Now, I swear to God I only turned my back for two seconds to get that box, but during that time Kris managed to roll into one of the aforementioned Vesuvian squirts, grab the messy diaper (OK, I probably should have put it down further away from him), throw the messy diaper into the toy box next to the bed, and rub his face with his poop covered hand. Kris, the screaming isn’t helping, buddy. I’ve only got one nerve left, and you’re working right on the end of it. Kris! Point that thing somewhere else, man! This is a really bad time to show Pepere how far you can pee!

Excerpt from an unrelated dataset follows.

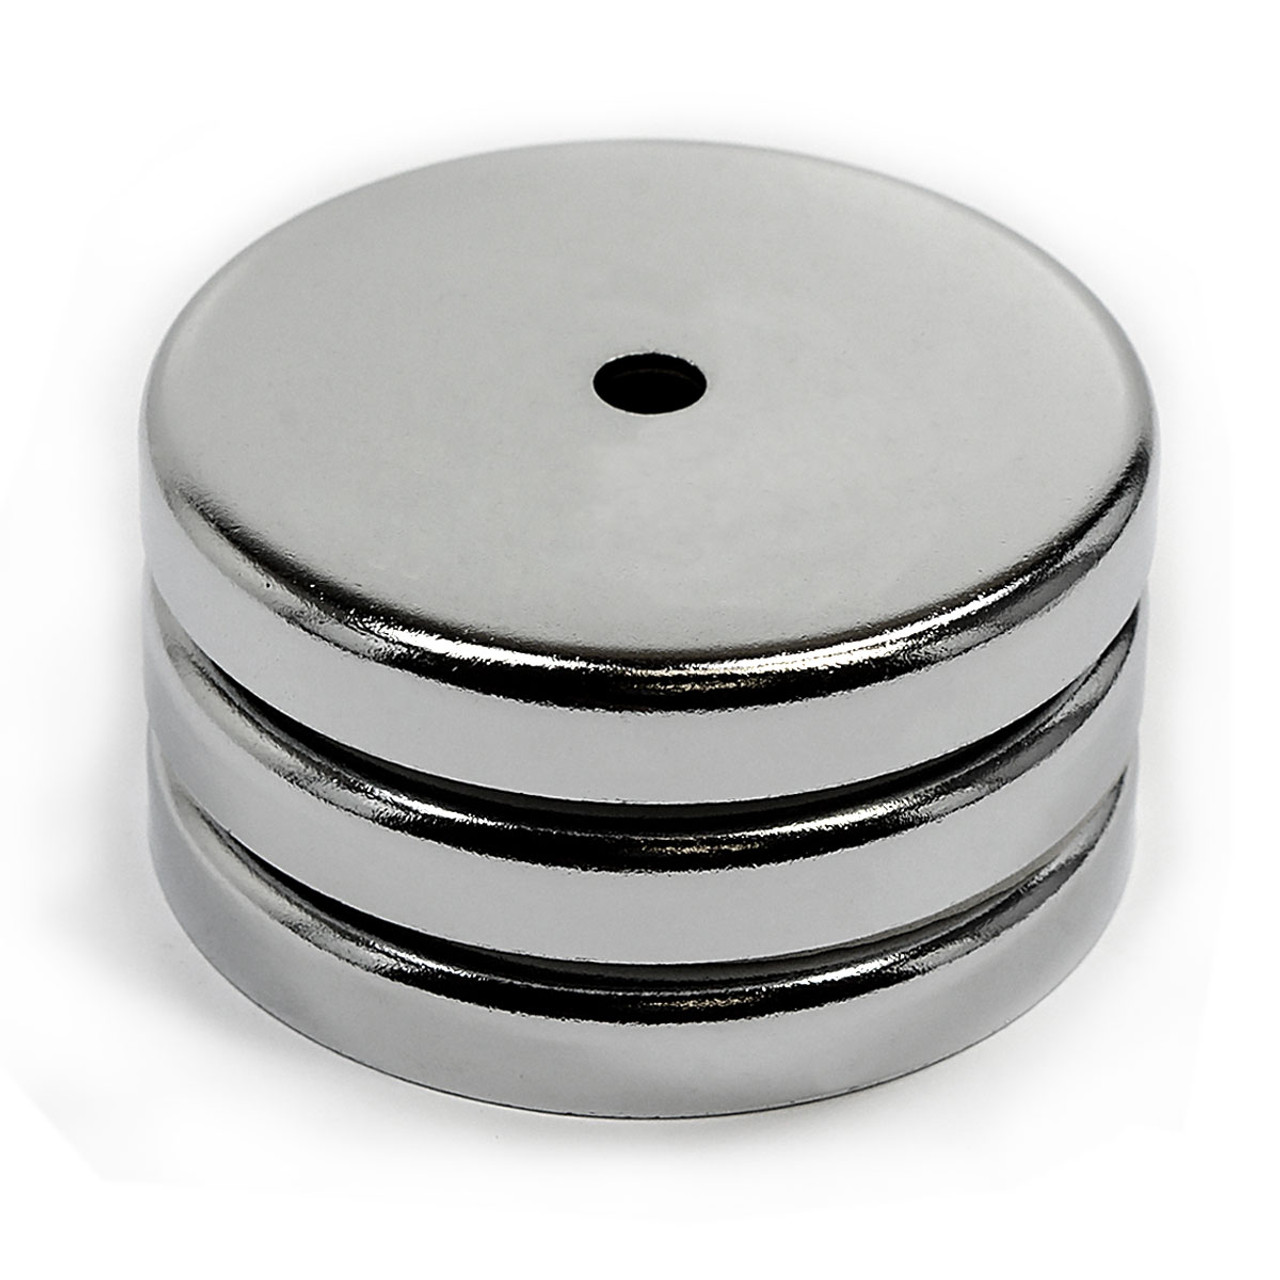  Magnet Ceramic Magnets 100 Pcs Strong Magnets for

Quicksand – Marine Corps training - I’ve got to gain control of this battlefield! Regain fire superiority! Grab a handful of wipes and attack the poop. Wipe anything that’s yellow! (What color is that, anyway?) If it smears, wipe it!


After Action Report

Here we are in the nice big rocker. Kris is happy and cooing and looks great in his new clean union suit. Is that a little smear behind your ear, buddy. No problem. Pepere’s got a box of wipes right here next to us. Now, Kris, it’s time for your first man to man talk. You and I have got to figure out what we’re going to do about the bedroom. Demolition is the most obvious solution, but that will probably be judged impractical by higher management. OK, buddy, here comes your first lesson on interacting with the opposite sex. We’ll explain to Memere that we’re just stupid incompetent guys who can’t function without help from their beautiful, talented, graceful, and ever-so-skilled women ...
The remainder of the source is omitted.